The FHL and the Colisee have an agreement in terms of compensation for travel for each of the teams. Otherwise, Cain said, there is minimal financial risk involved overall.
"From a business standpoint, what we've done is covered all of the travel expenses of each of the teams to get here," Cain said. "So yeah, there's some risk involved, but so far the response has been good that we've been getting. The biggest question to answer for us is, 'Is this a sustainable product for this market?' We don't know the answer to that yet, but we'll see how these games go."
"We're hoping the people that run the Colisee, Jim Cain in particular ... we know they've got a lot options," DeFranco said. "But we're hoping he picks us as the option. We're hoping that Jim likes what he sees, that he likes the caliber of play and we hope the fans like the caliber of play, that's more important."
Cain admitted that, while not having the Maineiacs around has allowed the facility to schedule more prime ice time for youth hockey and some tournaments and other concert acts, the reality remains that the rink needs a full-time tenant to be profitable.

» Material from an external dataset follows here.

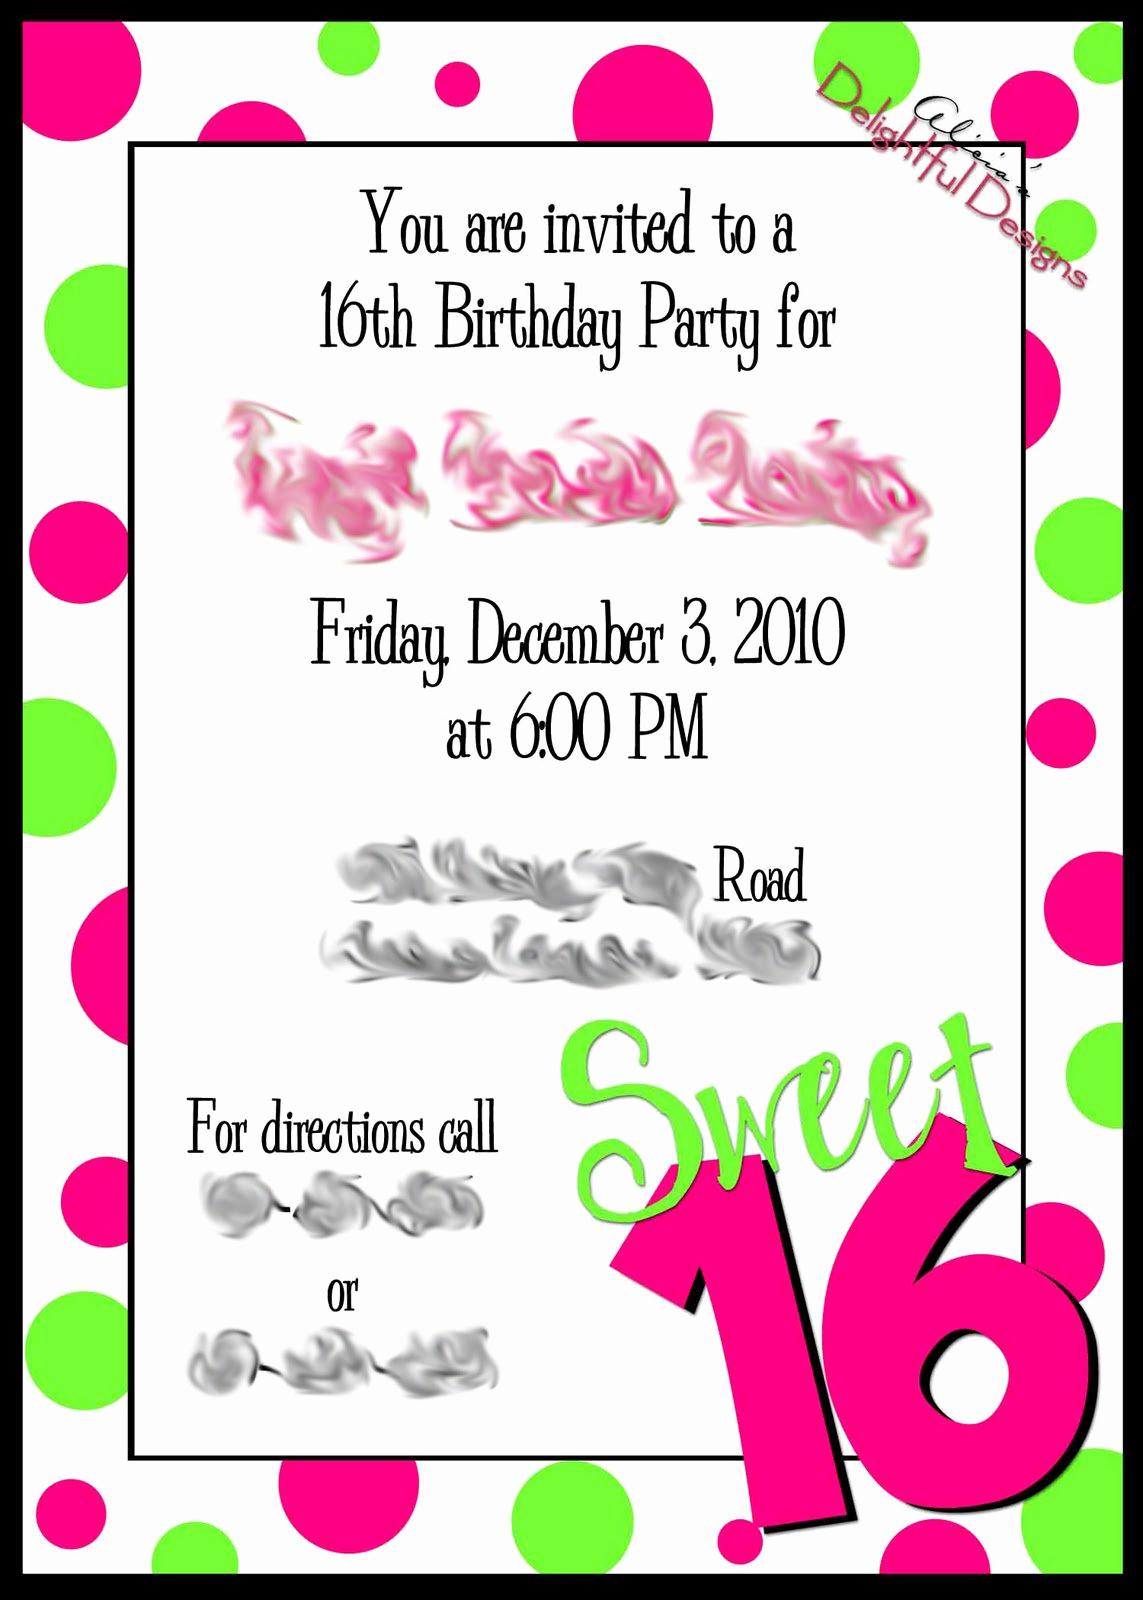 Sweet 16 Invitation Template Elegant Sweet 16 Birthday Invitations Free

"One thing we do know is that this facility needs a long-term, full-time hockey tenant to be financially viable," Cain said. "At the same time we are experimenting with this product, we are also in discussions with others regarding that kind of team and that kind of commitment."
"I've never made a secret my desire to be a part of an ownership group involved in United States-based junior hockey in some form. So there's that side of things, as well."
But, Cain said, for now, the FHL's venture into Maine, the so-called "Maine Event," is full speed ahead.
"We're hoping that after the first couple of games, it's successful enough where Jim and I can sit down and possibly talk about a franchise for 2012-13," DeFranco said.
Hockey fans will get their first taste of the second-year pro league Thursday with a matchup featuring the Akwesanse Warriors and Brooklyn Aviators. On November 17, the Danville Dashers will take on the Danbury Whalers. On December 29, the Cape Cod Bluefins will battle the Vermont Wild, and on January 26, 2012, the Wild will return to square off against the 1000 Islands Privateers. The series finale will take place on February 9, with the Privateers and New Jersey Outlaws doing battle at the Colisee.